*What to work on:* Reproduce the listing below word for word, with no pictures.

*** Opening Material provided ***

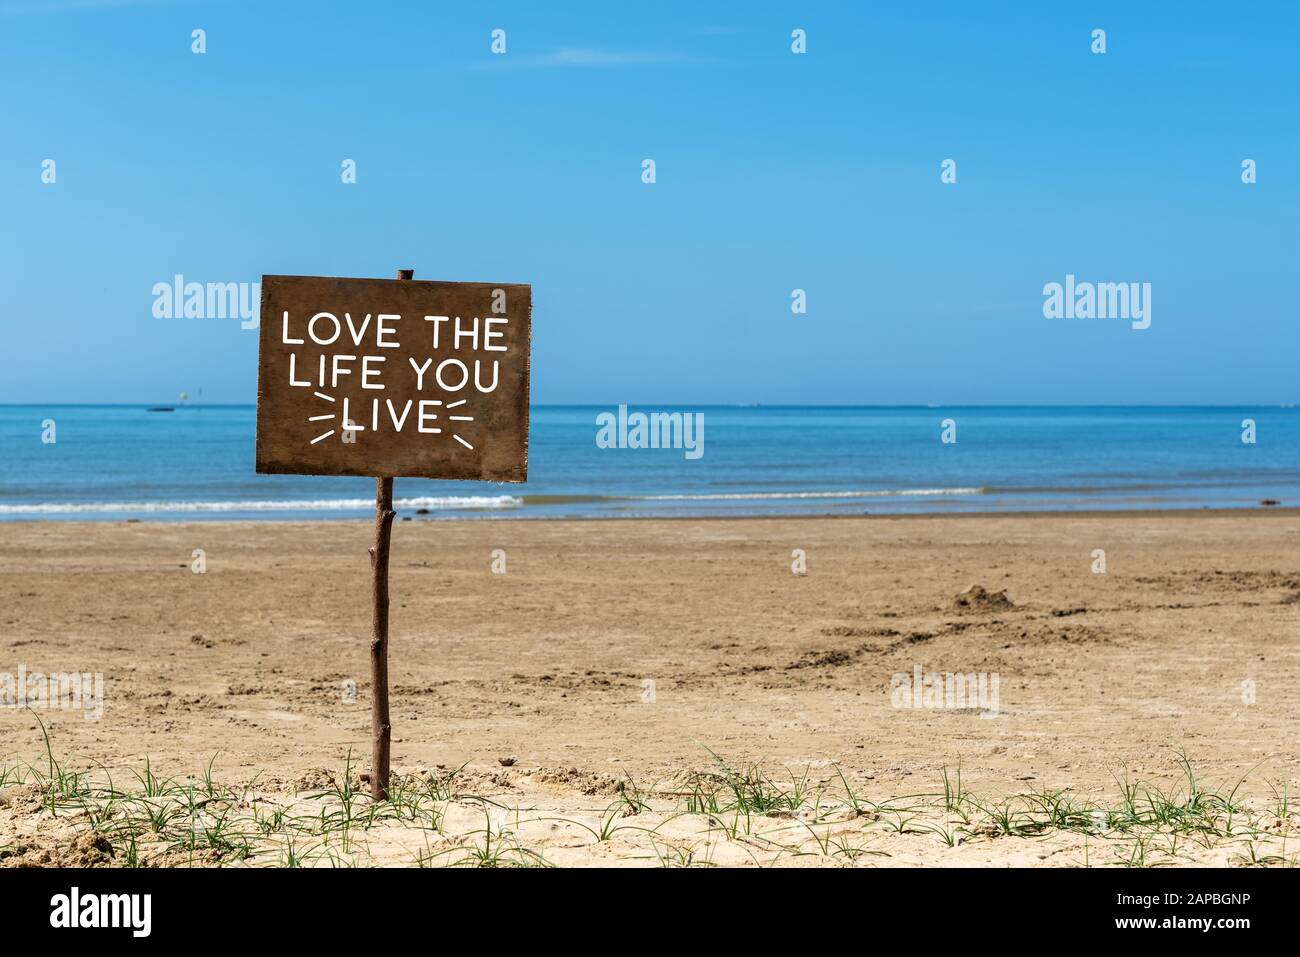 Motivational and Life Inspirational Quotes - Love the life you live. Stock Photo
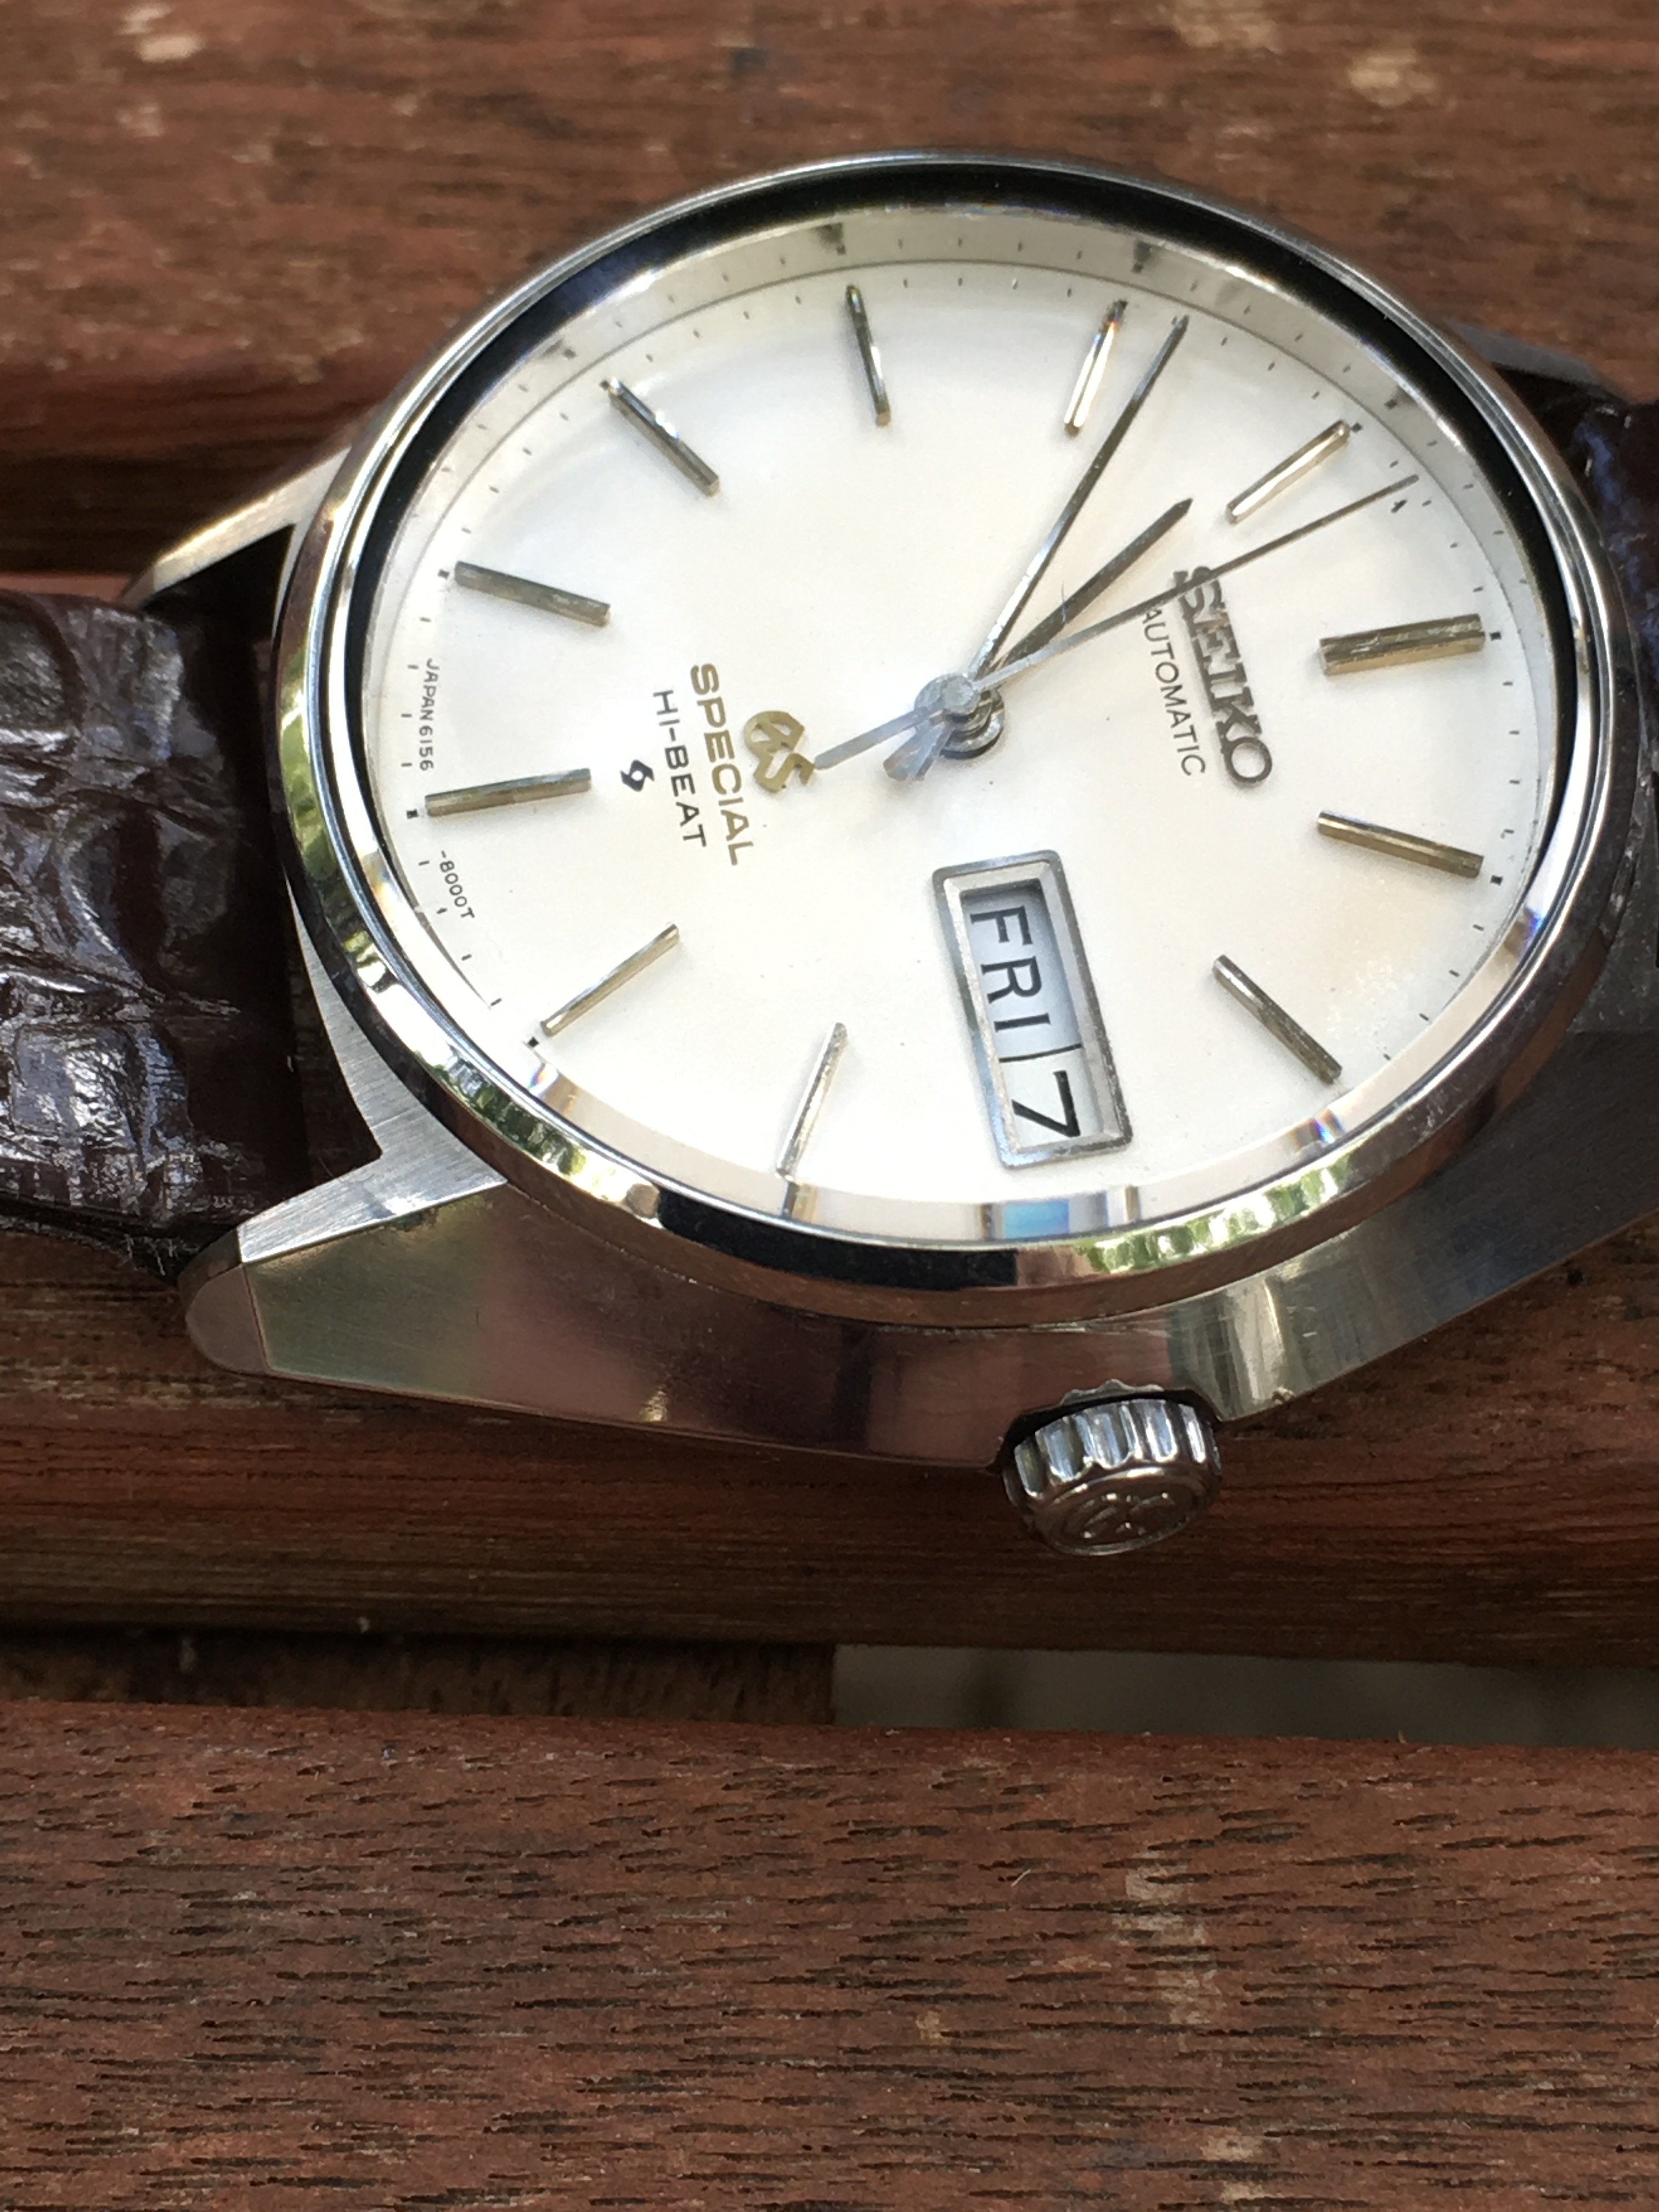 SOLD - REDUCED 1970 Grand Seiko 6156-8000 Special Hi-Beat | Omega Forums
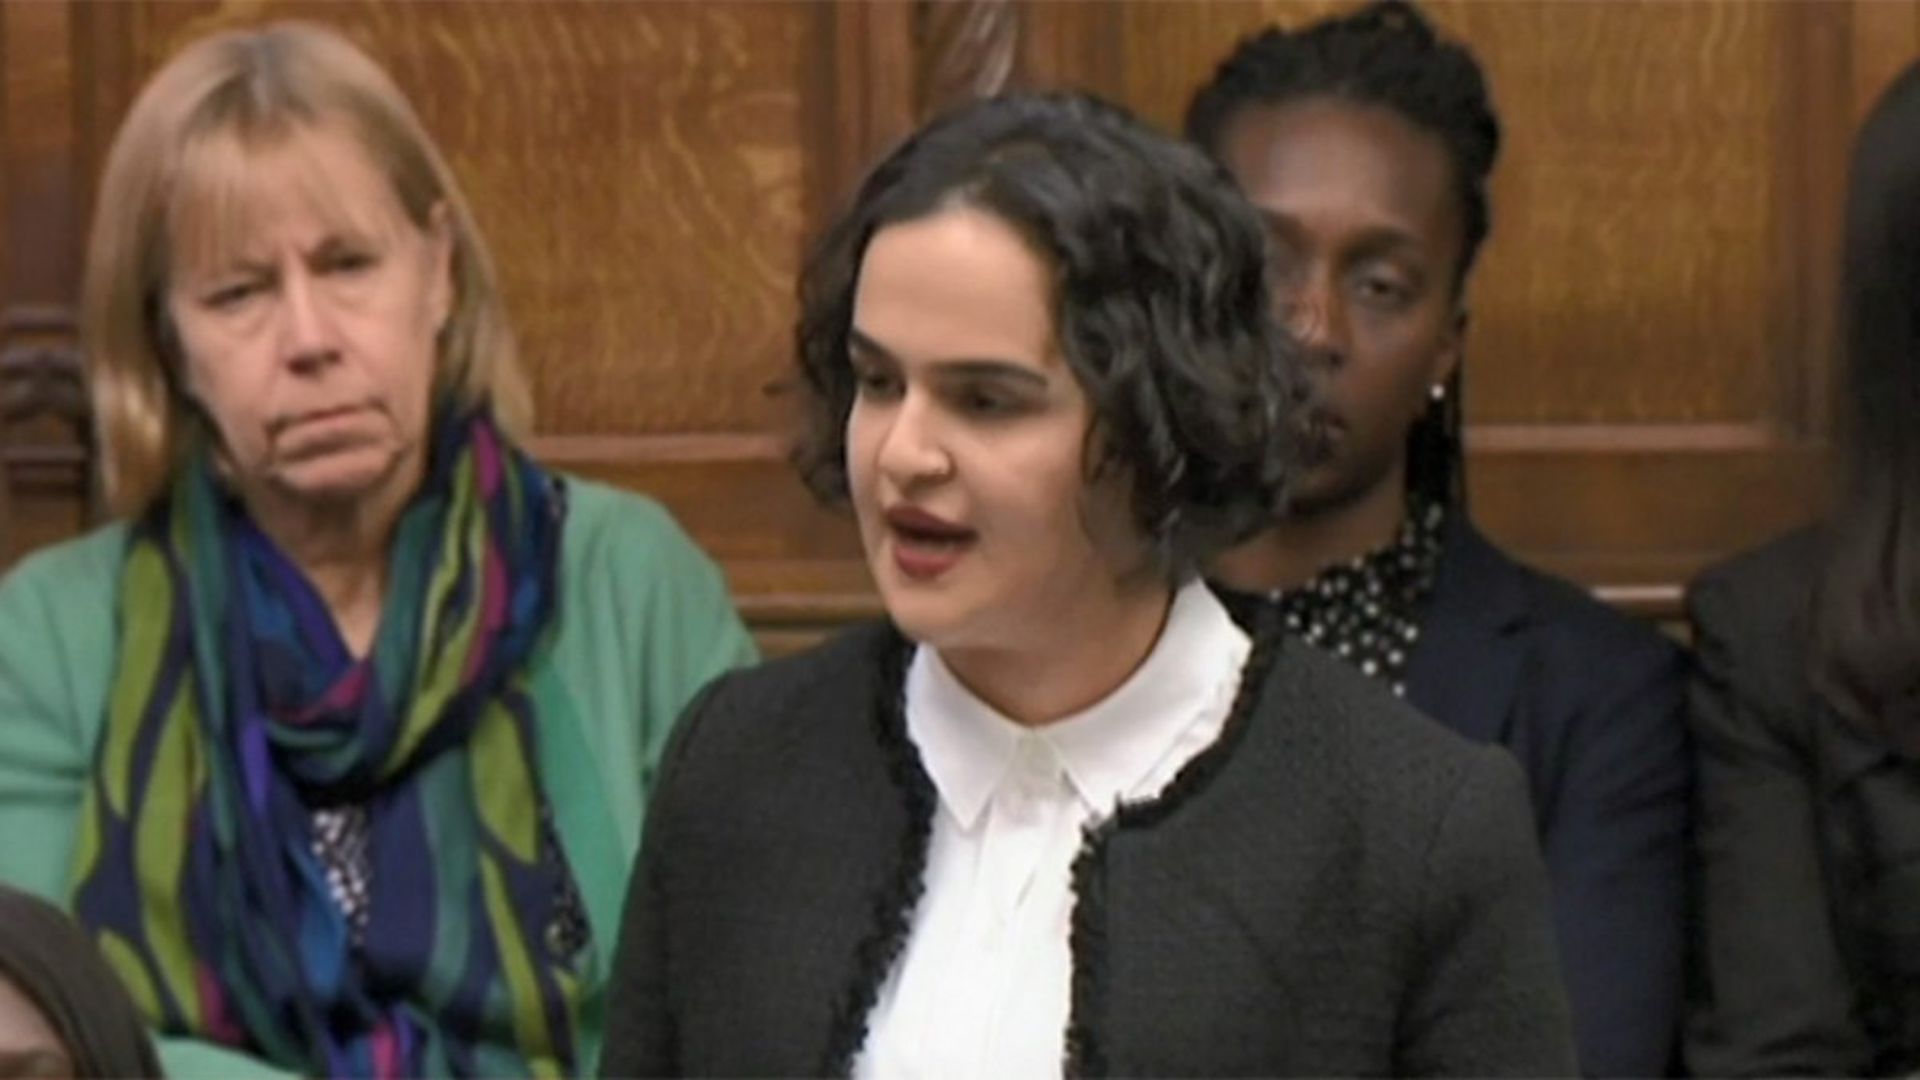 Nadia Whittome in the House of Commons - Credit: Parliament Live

*** Closing Material provided ***

*Written reply:*
 Motivational and Life Inspirational Quotes - Love the life you live. Stock Photo
 SOLD - REDUCED 1970 Grand Seiko 6156-8000 Special Hi-Beat | Omega Forums
 Nadia Whittome in the House of Commons - Credit: Parliament Live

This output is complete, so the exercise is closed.